The safety pin movement seeking to show solidarity with those who fear they’ll be disenfranchised by a Donald Trump presidency has been gaining popularity and trending on social media for days — but now it’s also being criticized by those who say the symbolic act is no substitute for action.
An American living in London first launched the safety pin campaign over the summer, amid reports of hate crimes in the United Kingdom following that country’s Brexit vote in June.
Now, people across the U.S. are posting pictures online showing themselves wearing safety pins, too.
“Here’s my #SafetyPin to let others know there are safe harbors in the world,” one Facebook user posted on Sunday.
But some, like Johanna Dickson, 33, say the pins aren’t enough. She posted a selfie on Instagram on Monday with a pin on her shirt. “I chose to be an ally and not be silent,” she wrote. She also said she plans to make monthly donations to groups such as Planned Parenthood and the American Civil Liberties Union.
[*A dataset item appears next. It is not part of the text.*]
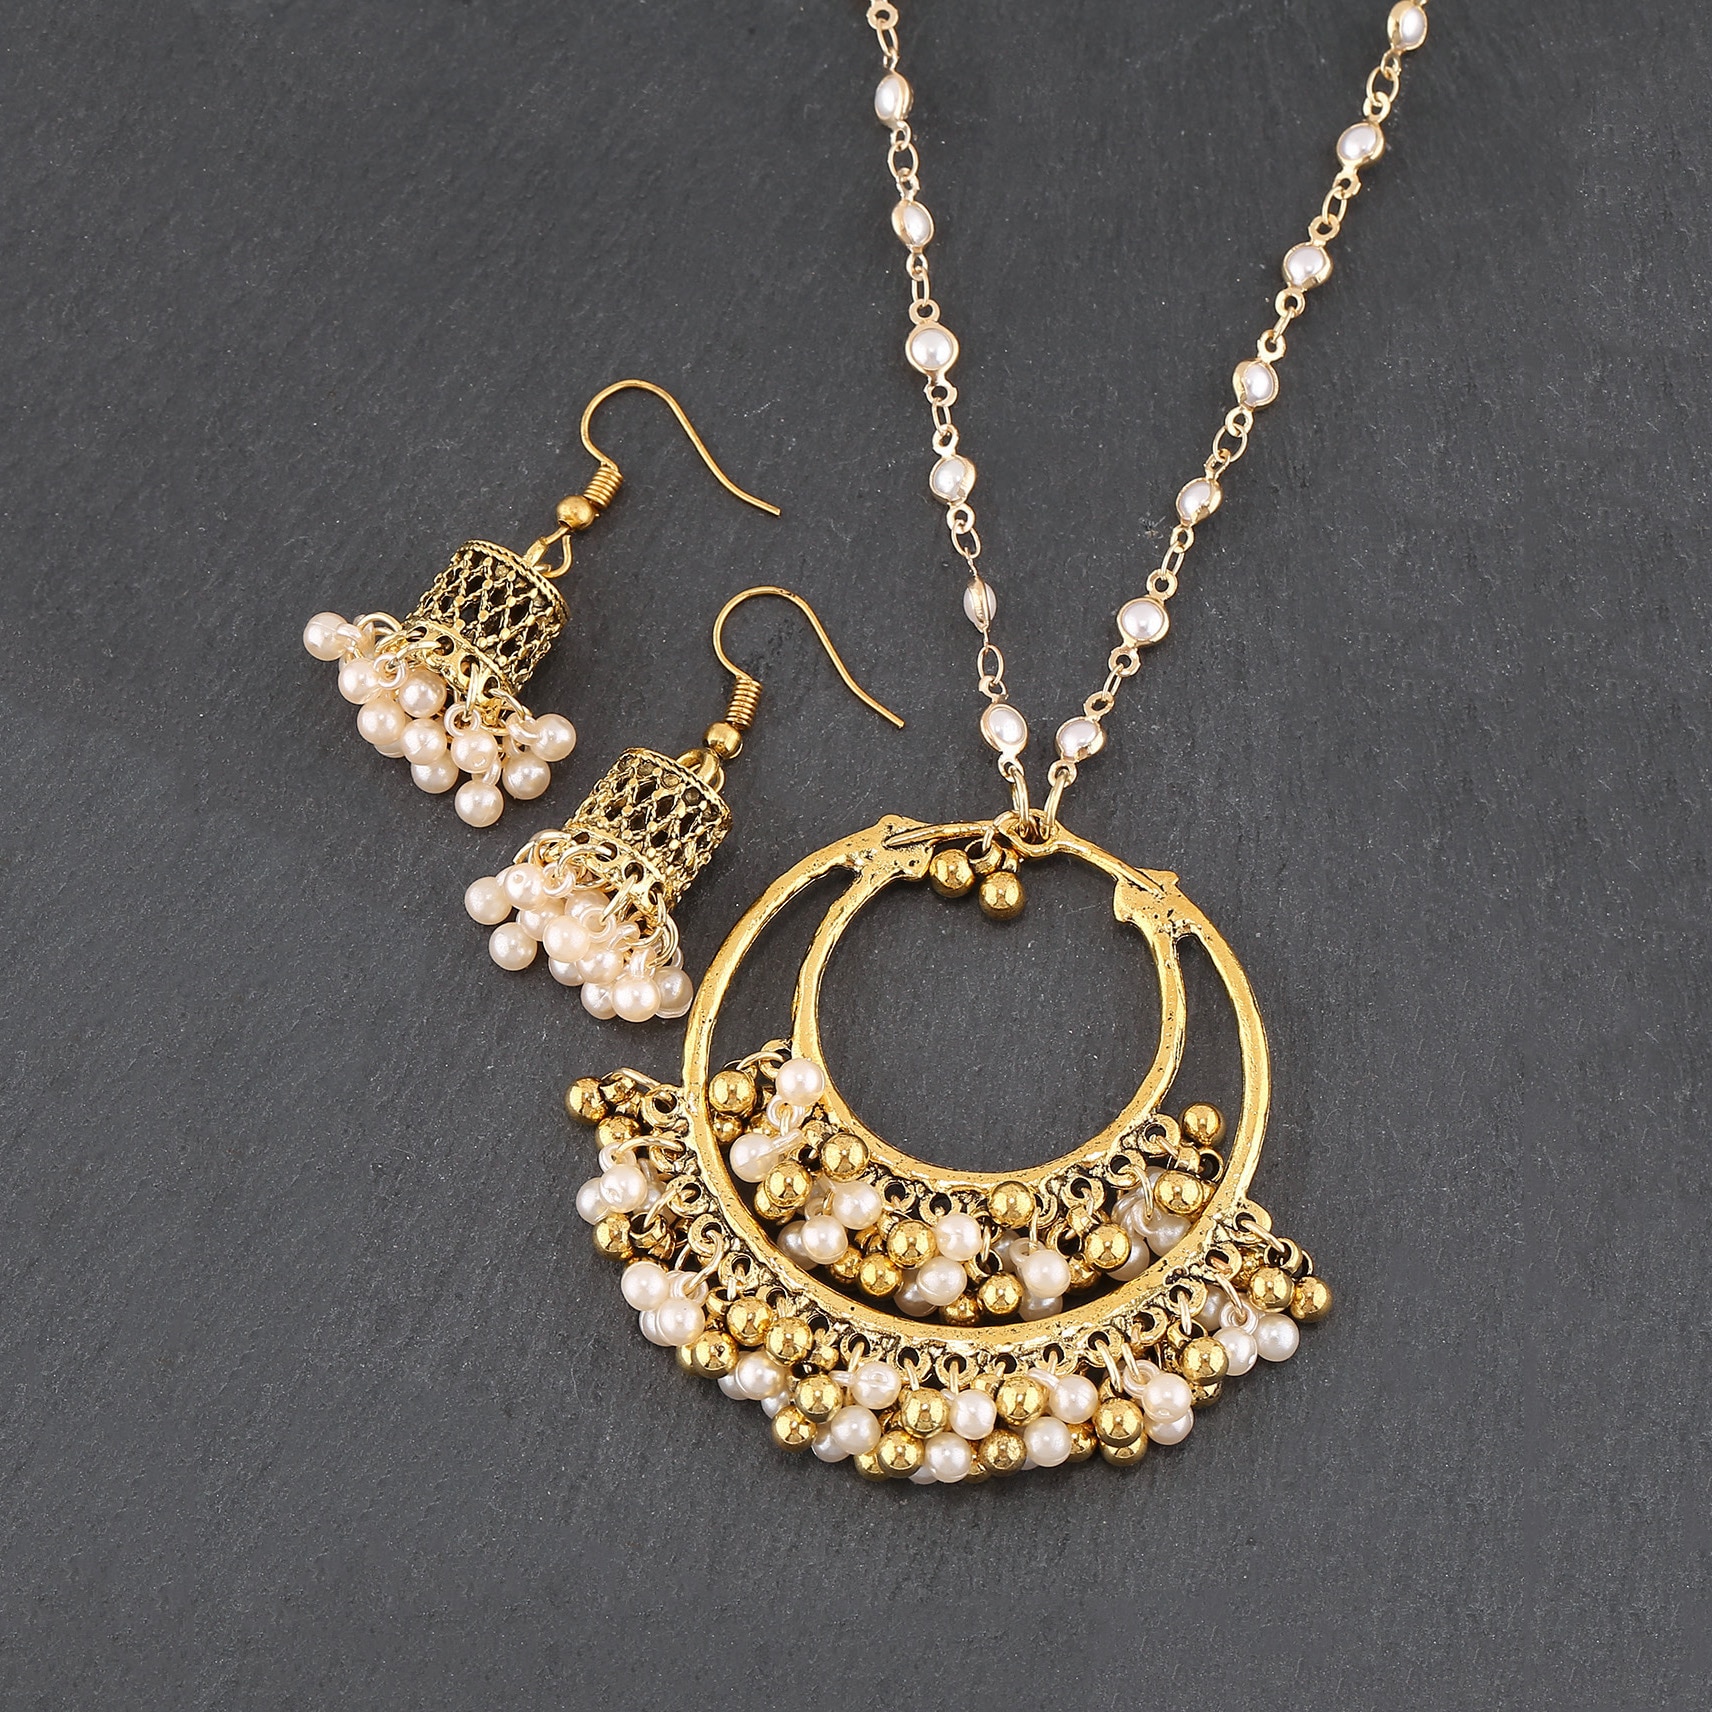 New-Women39s-Indian-Jewelry-Set-EarringNecklace-Wedding-Jewelry-Hangers-Luxury-Retro-Red-CZ-Geometry-3256804349980623-5

“Wearing the pin means nothing if I don’t do everything in my power to make sure the people I’m wearing it for are not harmed or disenfranchised,” Dickson said.
Philadelphia resident Courtney Wilburn, 36, went a bit further in a weekend blog post titled “Why I Don’t Care About Your Safety Pins.” Wilburn described the campaign as “mainly self-serving and useless.”
“It’s for white people who didn’t vote for Trump to identify each other,” she told the AP.
Wilburn, who’s black, said the pin is mainly a “fashion accessory” and “in and of itself cannot help.”
A blogger from New York, Christopher Keelty, echoed the sentiment, telling people not to wear pins.
“No. Just no. Please, take it off,” he wrote on Saturday in The Huffington Post.
“We don’t get to make ourselves feel better by putting on safety pins and self-designating ourselves as allies. Marginalized people know full well the long history of white people calling themselves allies while doing nothing to help, or even inflicting harm on, non-white Americans,” Keelty wrote.